I usually find Ann Althouse’s posts incisive even when I don’t find them persuasive, but this one today — whose money quote is from a Democratic legislator who said “We got a lot of white people in Wisconsin” — is uncharacteristically obtuse.
First, her title, “Taking race into account — simply wrong or rather complex?” succumbs to disengenuous euphemism. What is at issue with affirmative action is not “taking race into account” (or the nearly identical euphemism, engaging in “race conscious” policies) but what is done after it is taken into account. And what is done, of course, is favoring some individuals and disfavoring others solely because of their race or ethnicity.
Althouse obviously thinks this racial discrimination is “complex,” and she takes Roger Clegg, president and general counsel of the Center for Equal Opportunity (whose recent studies found extensive discrimination at the University of Wisconsin), to task for describing it as “simply wrong.”
Here’s the thing. The University’s policies align with the Supreme Court’s case law, which permits race discrimination narrowly tailored to serve the goal of classroom diversity. Clegg performs moral clarity: He says race discrimination is “wrong” and “bad.” That’s something he just knows, quite aside from the CEO’s study. He asserts it in answer to any question from someone who thinks there’s something more complicated here — that is, someone who would leave it to the University to design and implement its own admissions policy.
As usual, I’m with Clegg. Racial discrimination is simply wrong and bad, and it does not become “more complicated” because some people who favor it are well-intentioned. Early (and occasionally not so early) in the last century advocates of the “complex” race and ethnic preferences Althouse seems to favor were more honest and forthright. They had no problem describing Ivy League admissions policies that took ethnicity into account as a Jewish quota, although none of those schools so far as I’m aware excluded Jews; they simply limited them to something less than a critical mass.

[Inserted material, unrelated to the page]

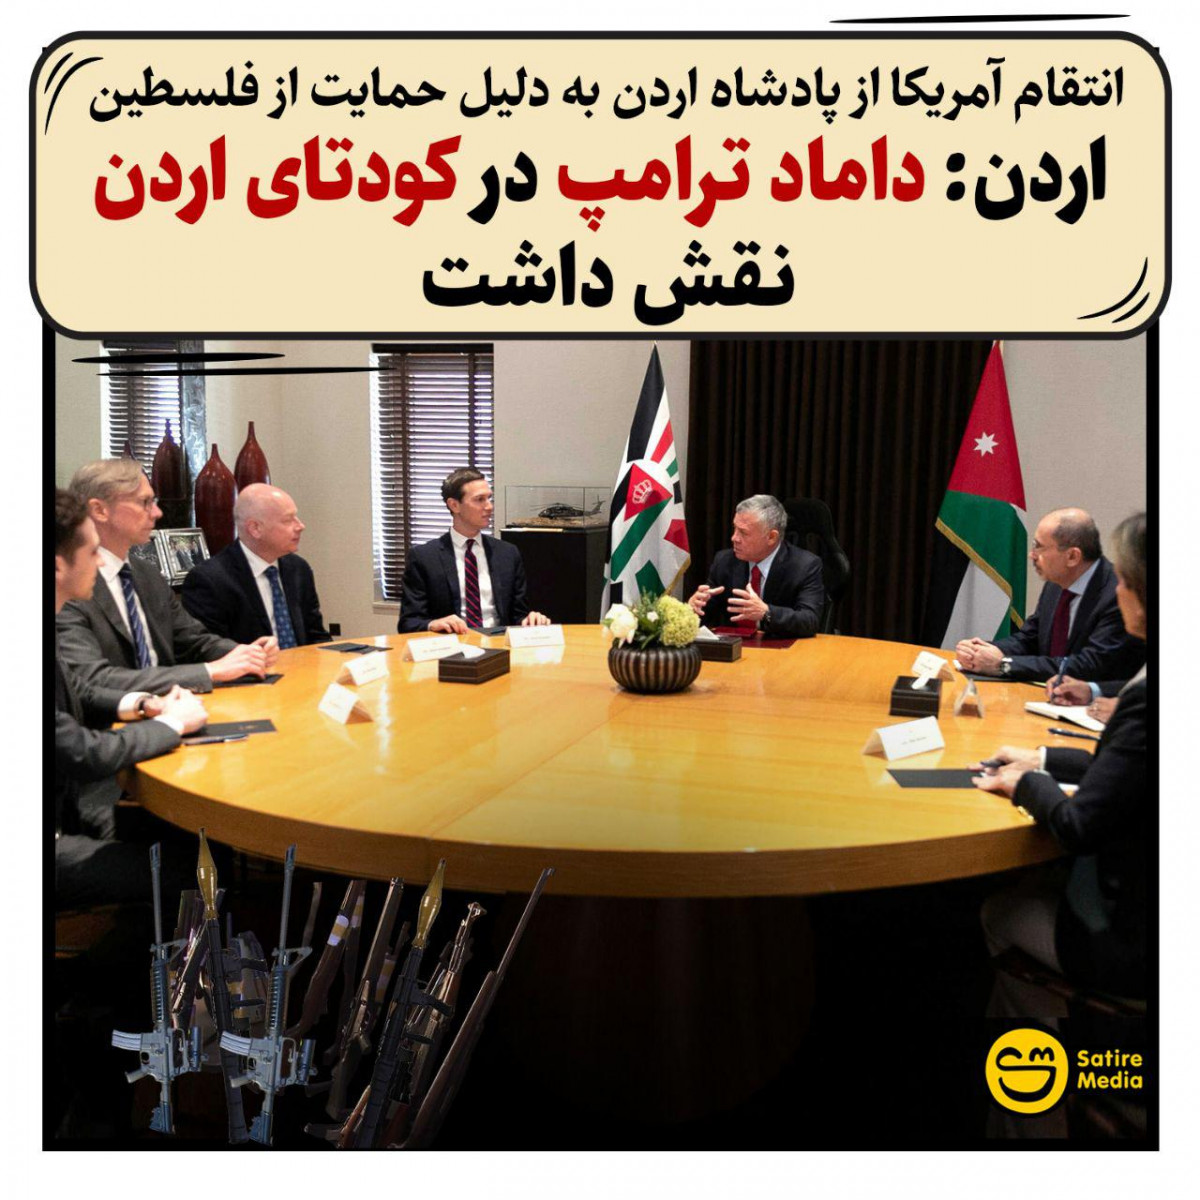 پوستر: انتقام آمریکا از پادشاه اردن به دلیل حمایت از فلسطین

The 1964 Civil Rights Act attempted (imperfectly as it turned out, because of interpretations like Althouse’s) to put an end to leaving it to universities to design and implement whatever kind of discriminatory admission policies they wanted. The fact that, thanks to Sandra Day O’Connor, some of that sort of discrimination still remains legal doesn’t make it “complex” or keep it from being simply “wrong” and “bad.”